In contradiction to the character traits of Dorian, the novel describes Lord Henry Wotton as a nobleman, wise, and urbane. His wit makes him criticize readily the hypocrisy and morals of the Victorian society by his well-phrased epigrams. His philosophy of seeking pleasure referred to as new Hedonism that entails gathering experiences, which stimulates the senses notwithstanding the conventional morality, plays a very vital role in the development of Dorian’s personality. Henry Wotton is a clever intellect who preaches unconventional theories about the appropriate ways of life. However, he does not essentially live the words that he speaks. He believed that all people should not only have a life of pleasure but also be themselves. He insists on the fact that what other people perceive to be right should never be taken to be absolutely right and applicable to all. Finally, Henry’s teachings hit Dorian making him have no alternative apart from changing his way of life. In fact, Henry could be the influence of change in Dorian’s life (Wilde 2010, p. 158)

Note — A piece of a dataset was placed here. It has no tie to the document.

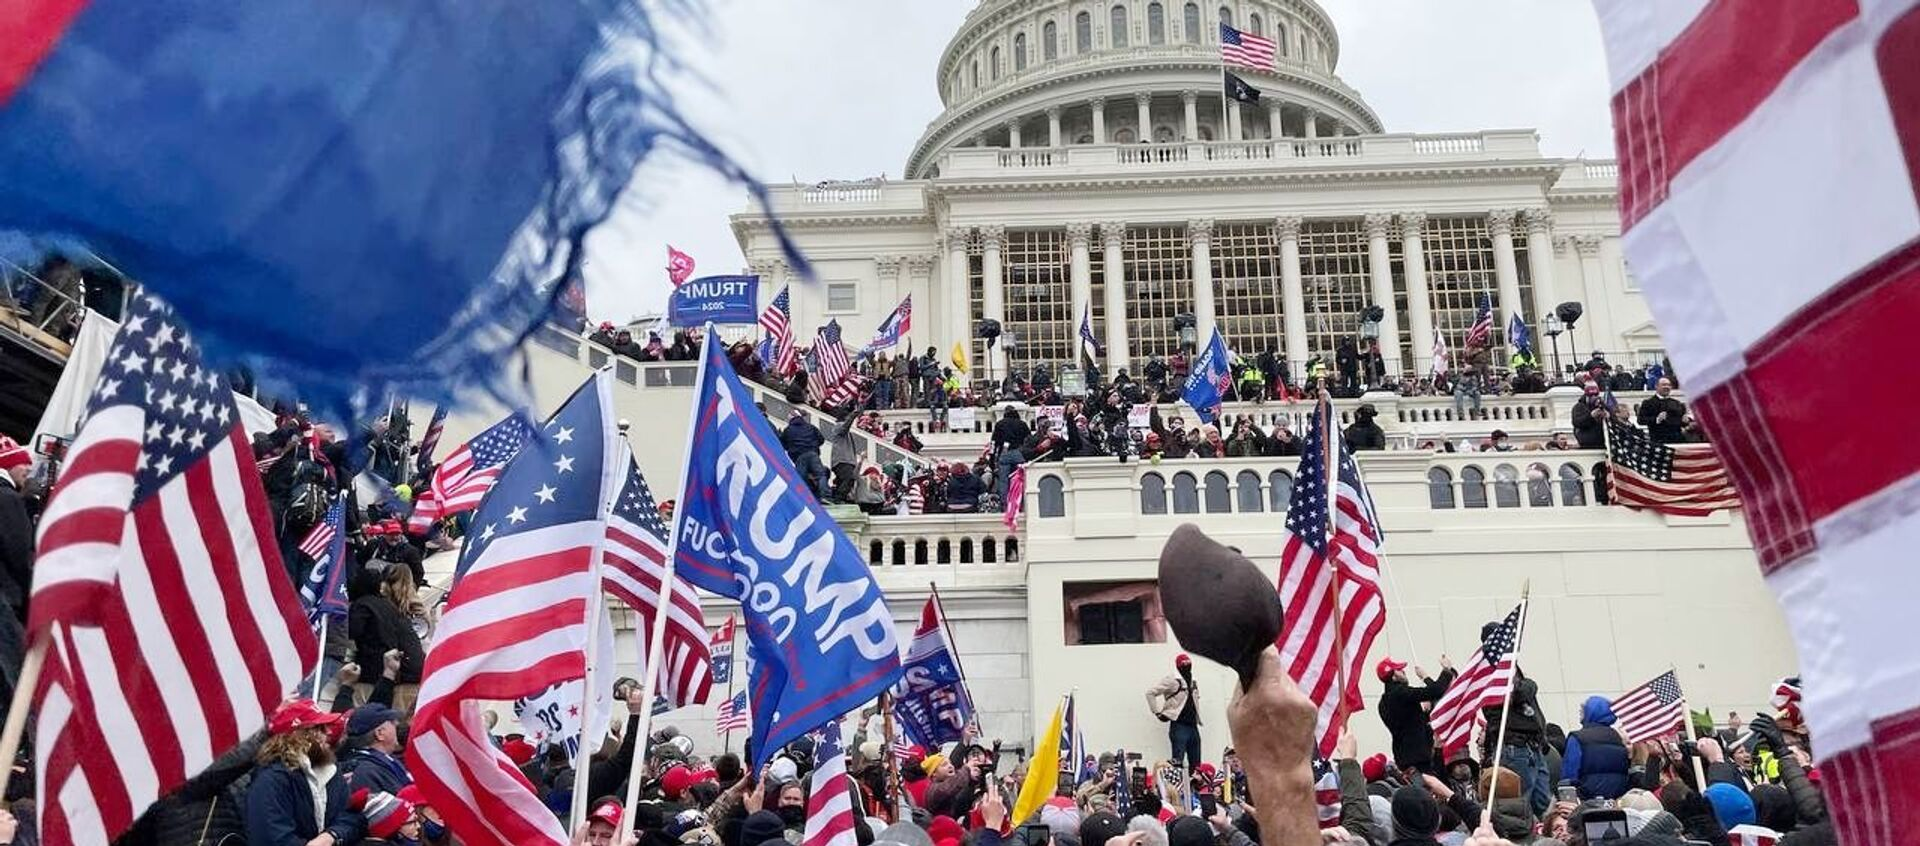 Акция протеста сторонников Д. Трампа в Вашингтоне - Sputnik Абхазия, 1920, 18.01.2021

In a sense, Lord Henry Wotton is the ego of Dorian. Ideally, ego is concerned with the moral codes and the beliefs that a society perceives to be good or bad. Therefore, ego should allow people to make decisions based on their feelings and consciences of the general perception of what is right and wrong in a given society. However, Lord Henry Wotton does not consider what the society dictates to be right but rather claims that the only real way to live is through the life of pleasure. Since Dorian initially has no morals at all, the theories relating to life that Henry advanced, which encouraged people to live a life of being actual self and pursuing one’s own pleasures, literally turns to be Dorian’s moral. In reality, the theories that Henry wittily preaches end up strengthening the id within Dorian because the theories are cheering him to be live his own life in whichever way he deems right. With the absence of ego to demarcate what is good or bad, Dorian is convinced that he can do whatever he wants to do, including even murder (Wilde 2010 p. 56; Freud1961 p. 45).

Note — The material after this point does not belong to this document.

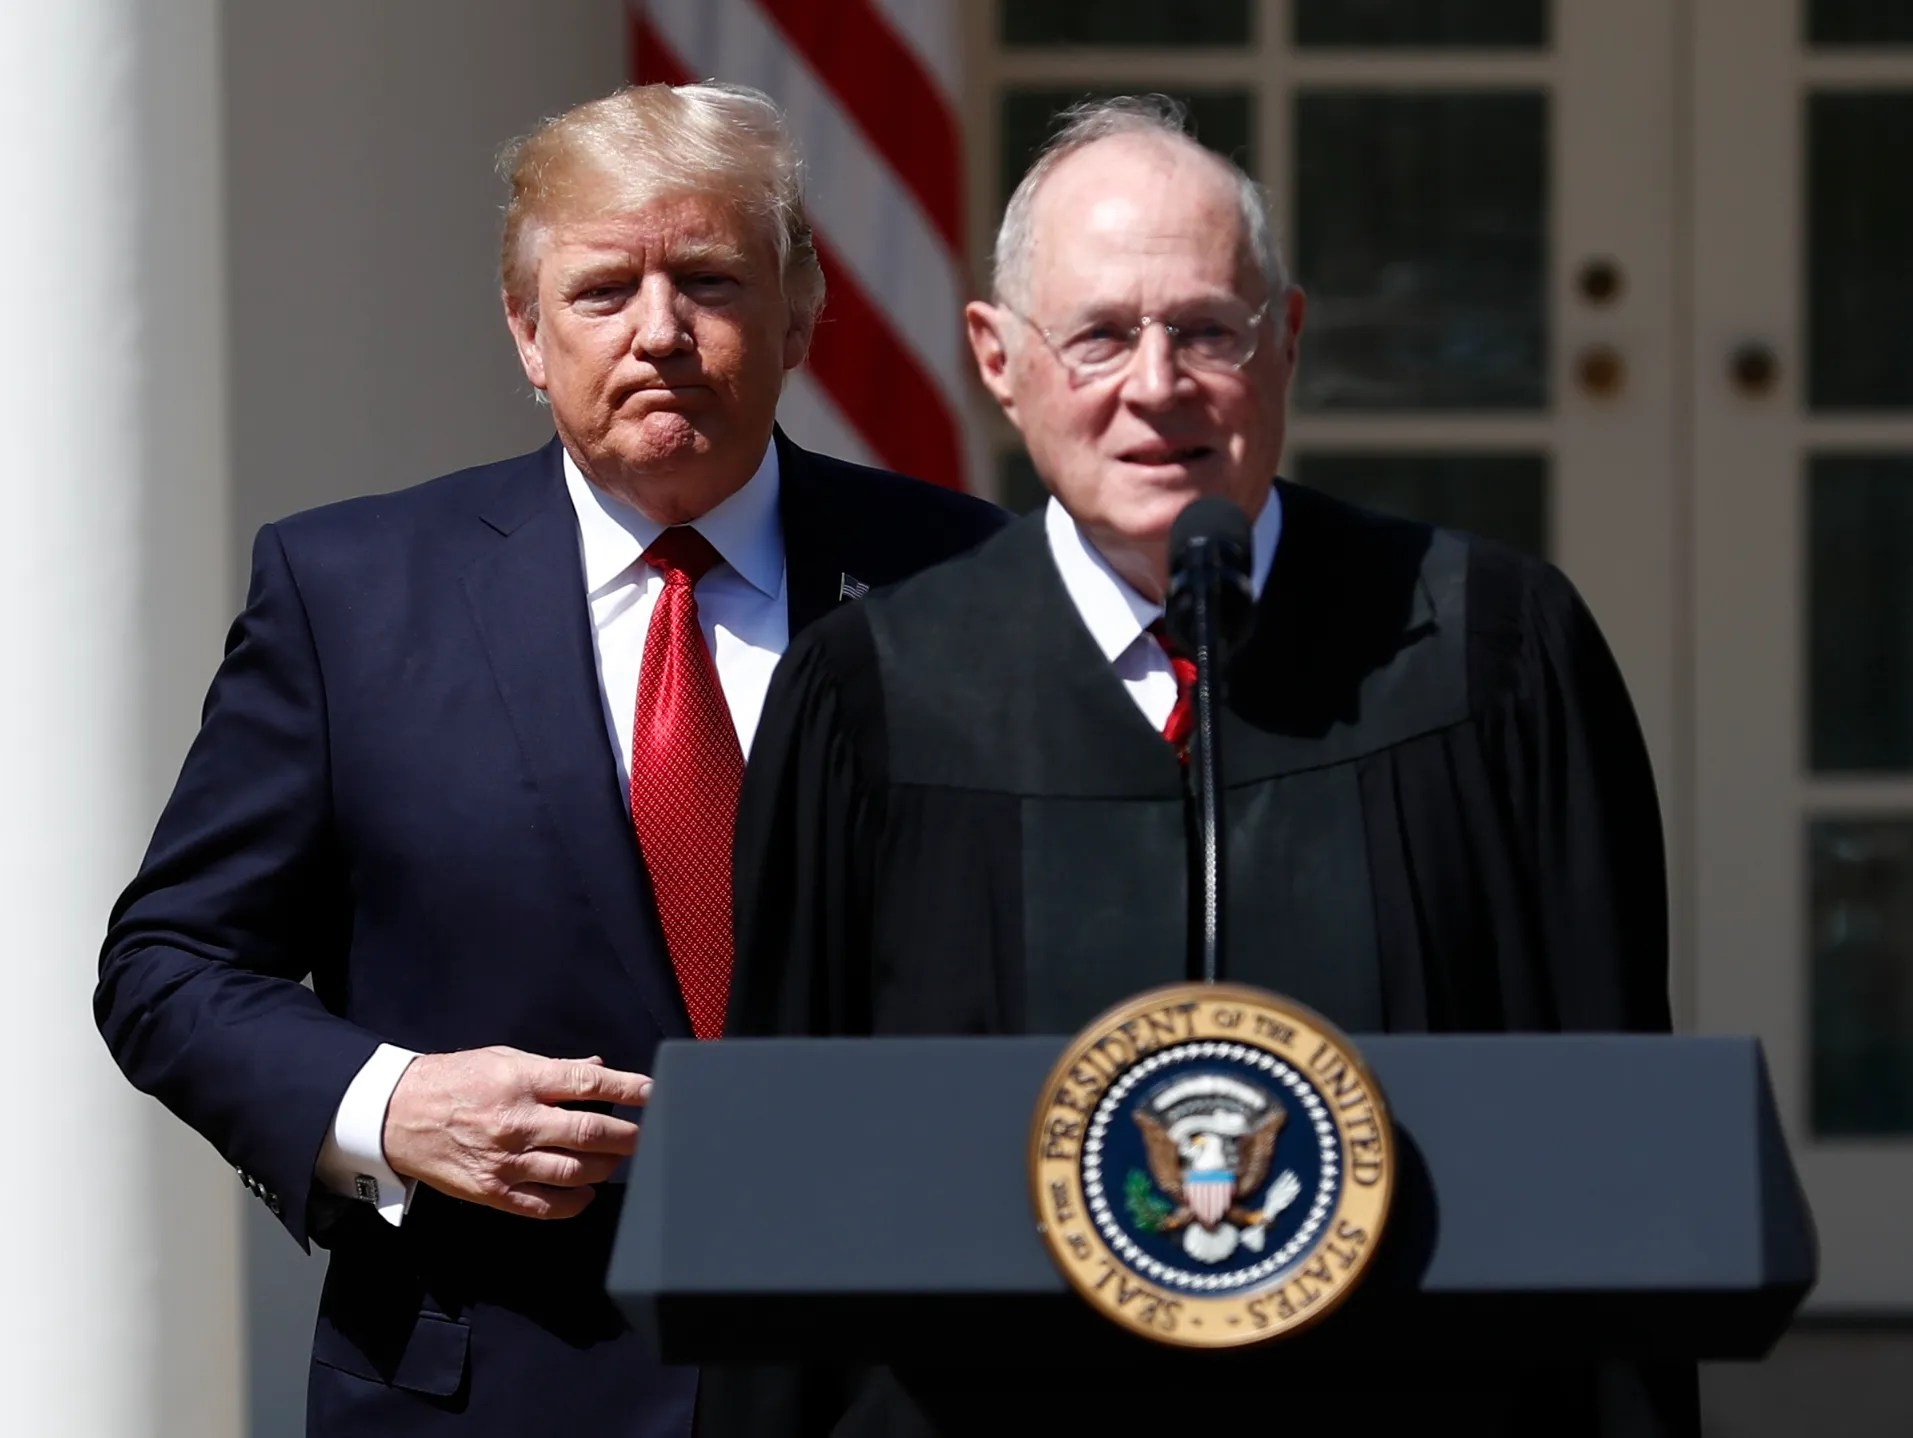 AP SUPREME COURT KENNEDY RETIRES A FILE USA DC

Basil Hallward is an artist and a close friend of Henry Wotton. He becomes obsessed with Dorian’s beauty after they meet at a party. Basil, amazed by the beauty of Dorian, says that his beauty that is so scarce. He claims that Dorian’s beauty has assisted him in realizing a new kind of art and states that through Dorian, he finds “the lines of a fresh school” (Wilde 2010, p. 101). In addition, Dorian makes Basil discover his artistic capability through the perfect portrait that he paints. Throughout the entire novel, he strives to maintain Dorian as pure as he was in his initial painting. He advises Dorian not to heed to the teachings of Henry as an attempt to guard him from such misleading theories (Wilde 2010, p. 101).

Though he fails to convince Dorian, his character traits symbolize the superego. Johnson (2008, p. 527) points out that superego majorly mediates between id and ego in shaping the pleasure met in a practical manner. In a number of times, Hallward attempts to keep Dorian in check and discredit theories of Henry. Dorian does exactly the opposite and embraces the teachings of Henry. Basil continues to offer him pieces of advice even after they stopped being friends.


In conclusion, this novel displays the perfect character traits that one can easily map on the Sigmund Freud theory of mind. The three characters: Dorian, Henry, and Basil are clear illustrations of id, ego and superego as put forth by Sigmund.